Description of the task: Return all the lines below exactly. Any picture among them is omitted.

Provided data:
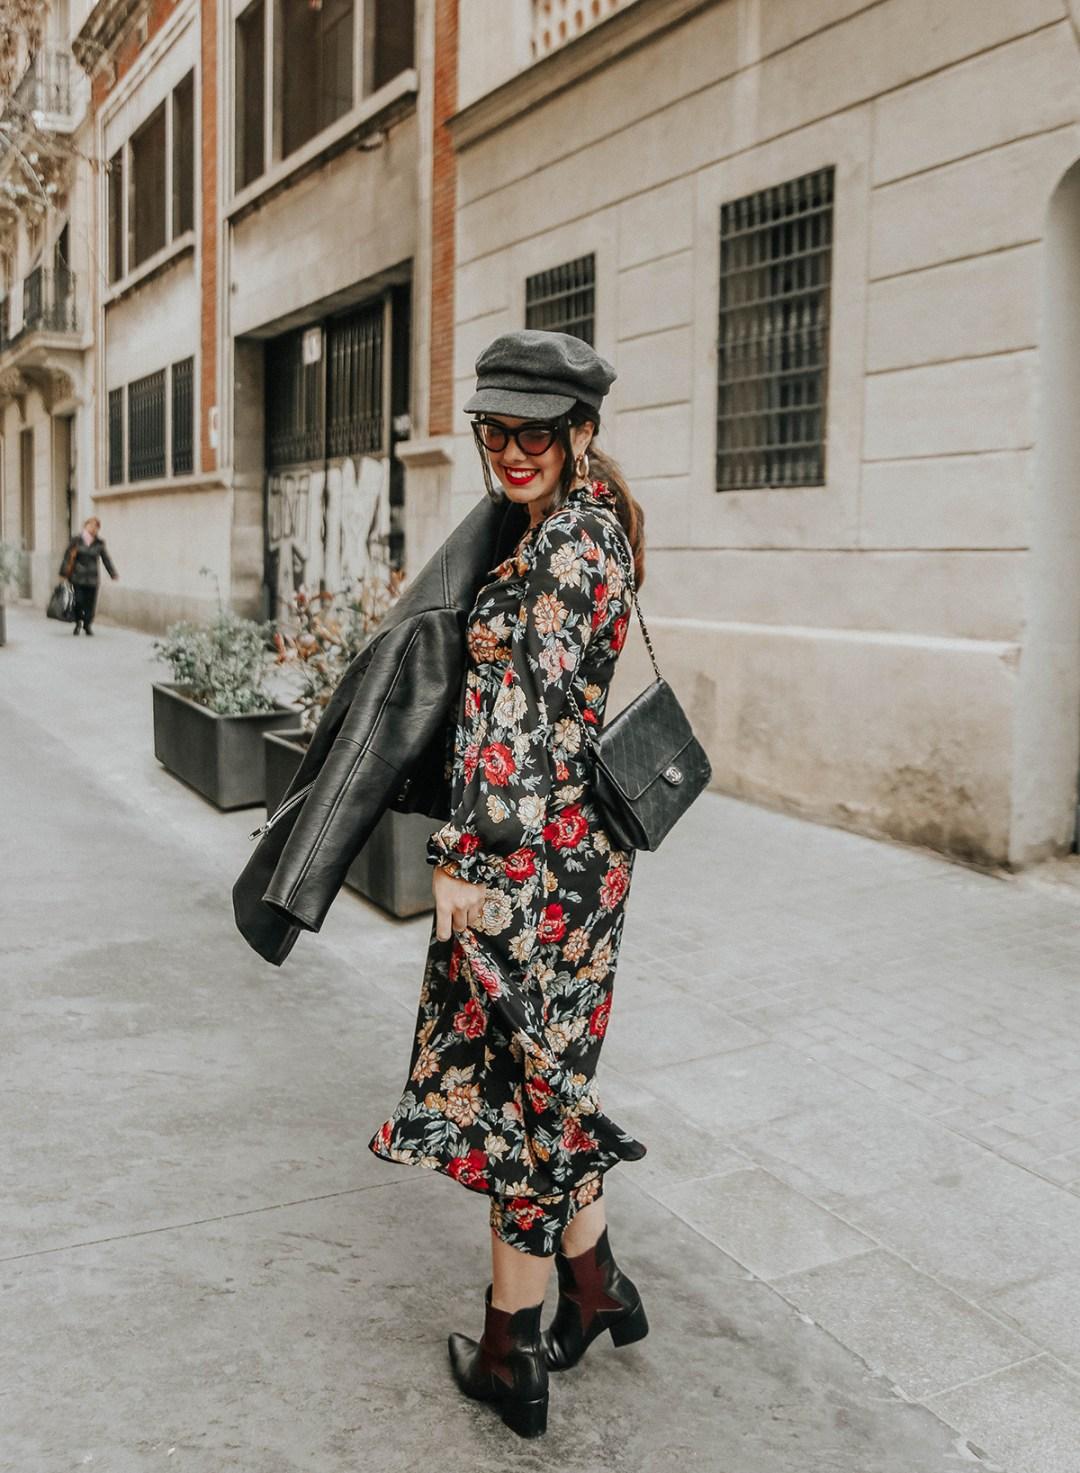 vestido-flores-midi-zara-botines-amazon-find-streetstyle
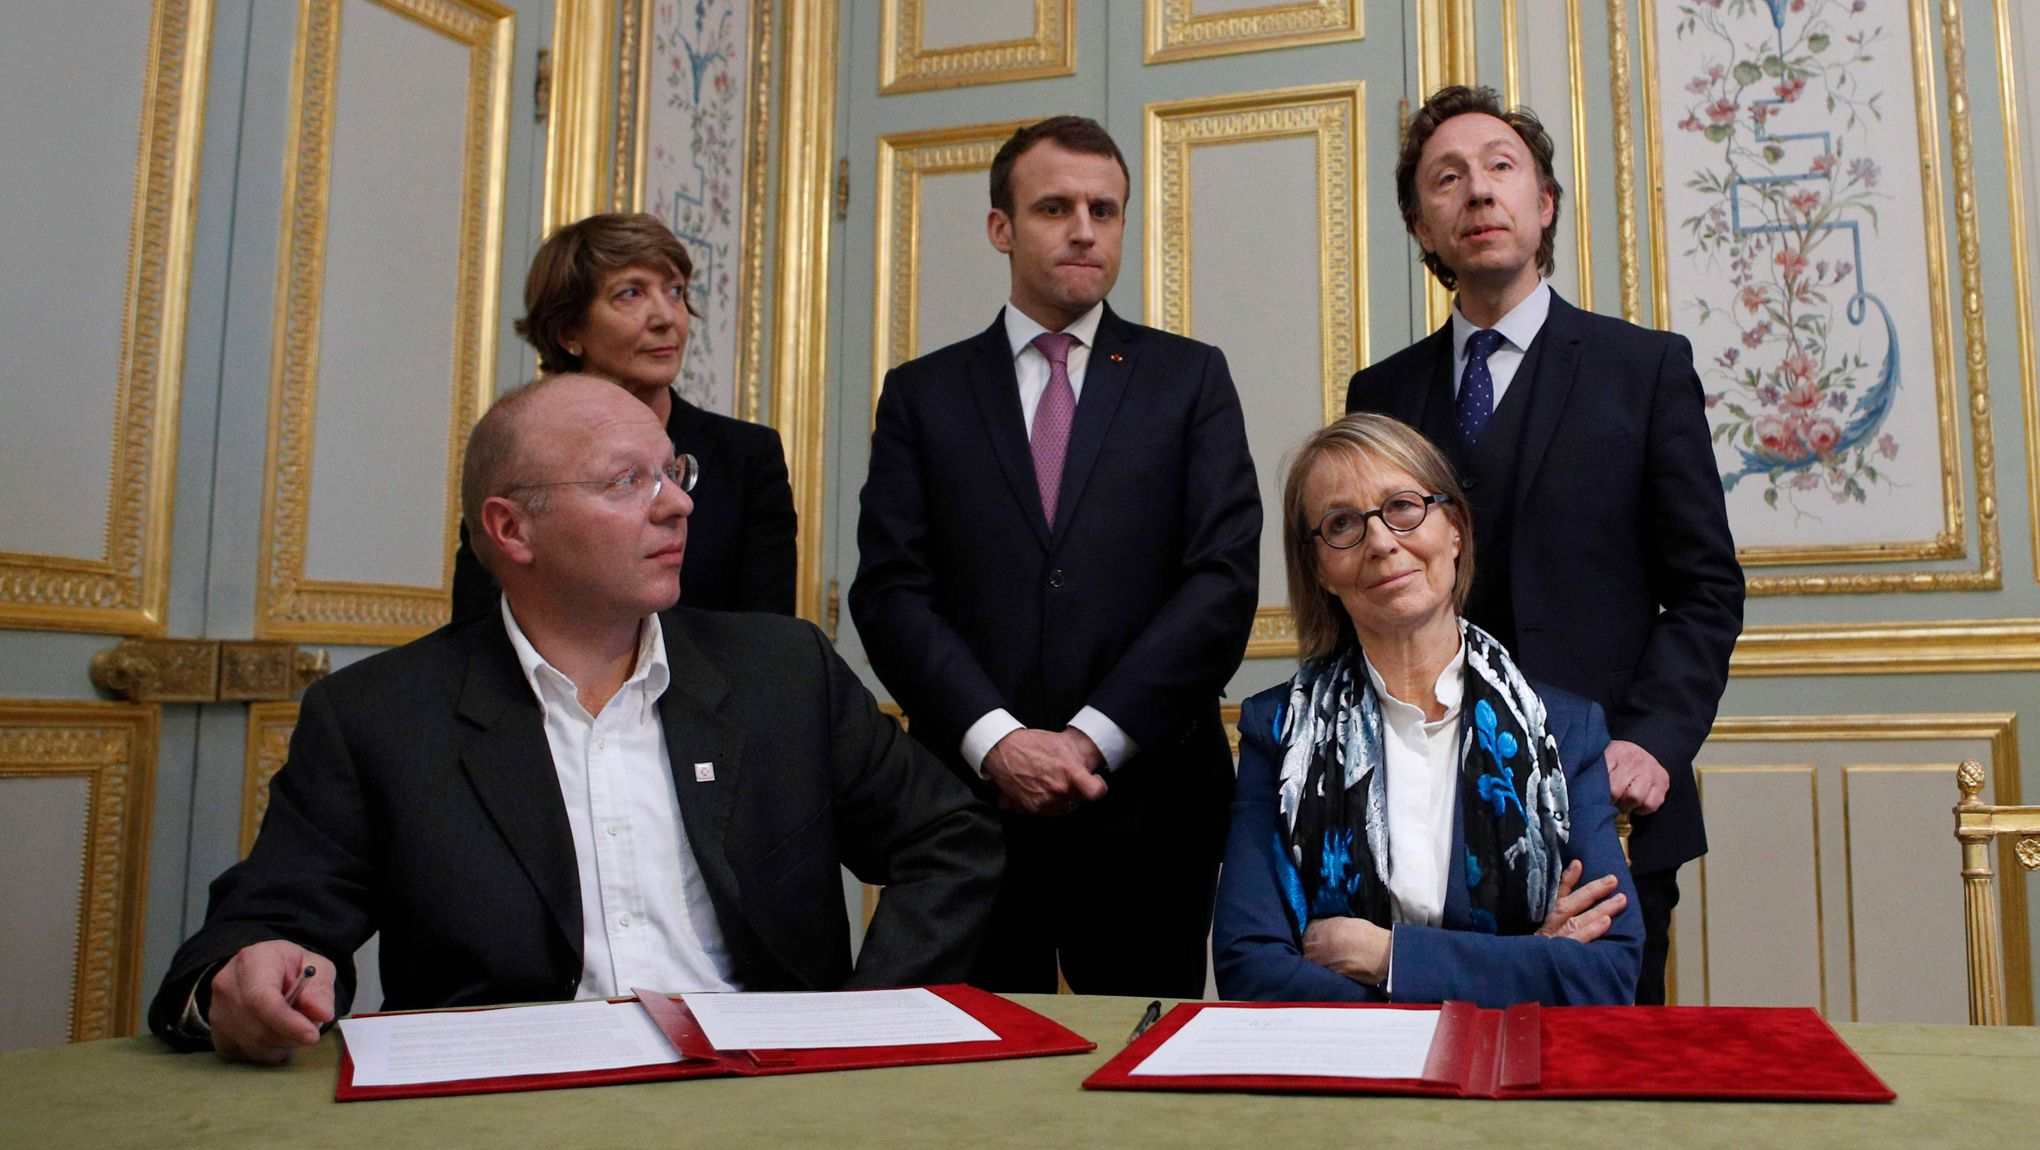 141bb8126f9b63 Patrimoine   Macron reprend la main et met Bern et Nyssen d accord
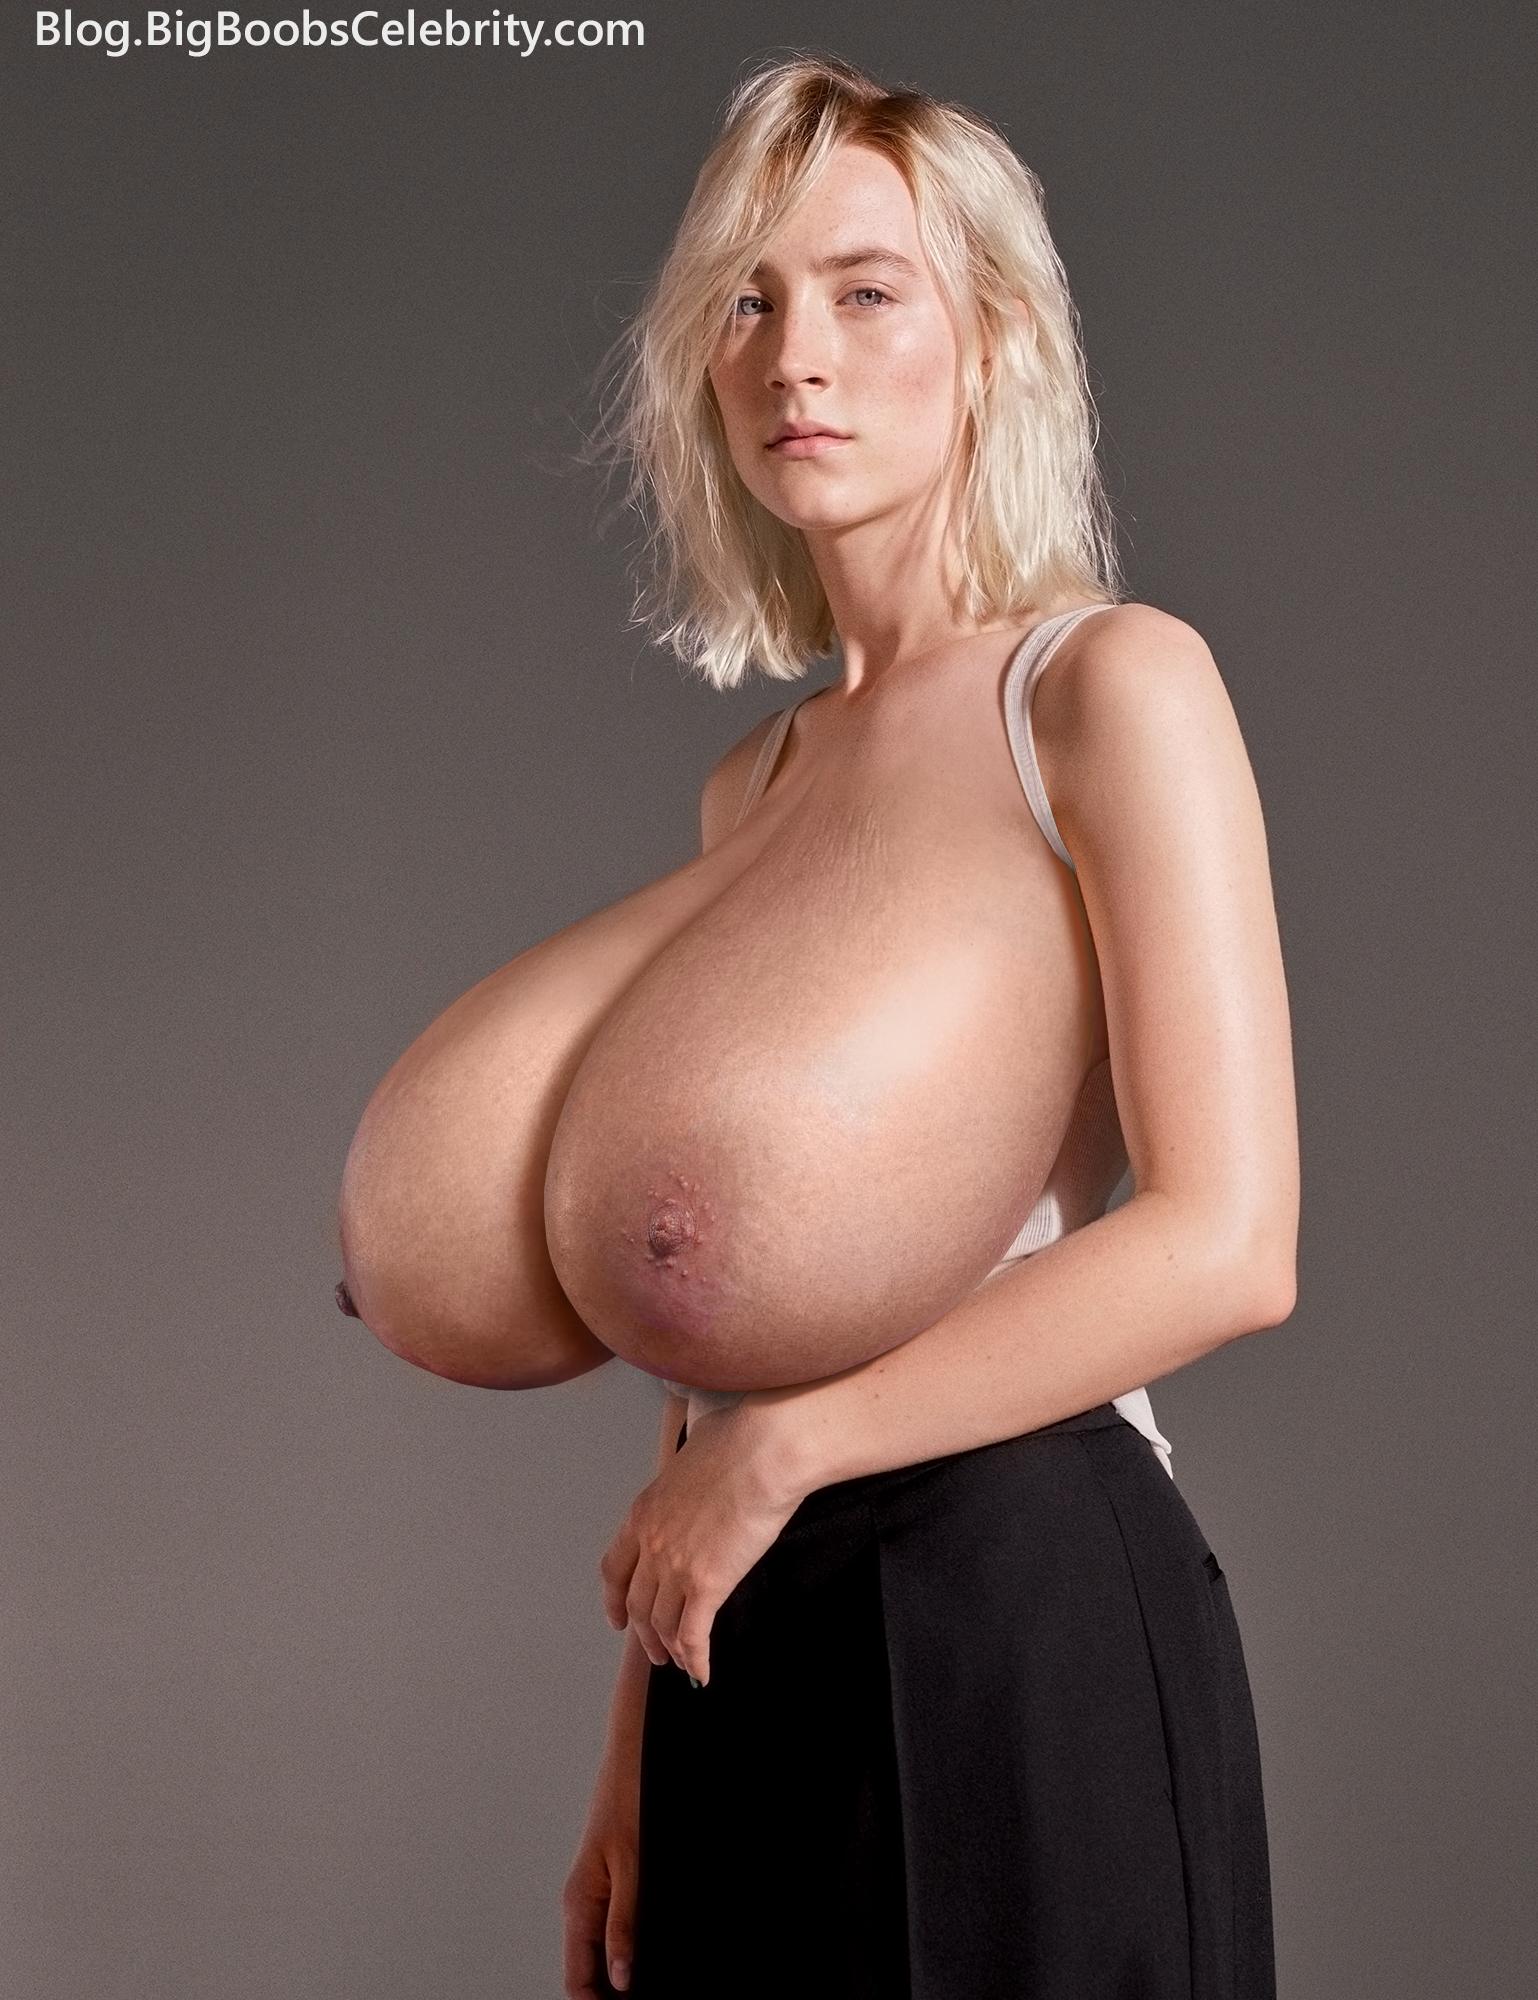 Enormous giant tits

Response:
 vestido-flores-midi-zara-botines-amazon-find-streetstyle
 141bb8126f9b63 Patrimoine   Macron reprend la main et met Bern et Nyssen d accord
 Enormous giant tits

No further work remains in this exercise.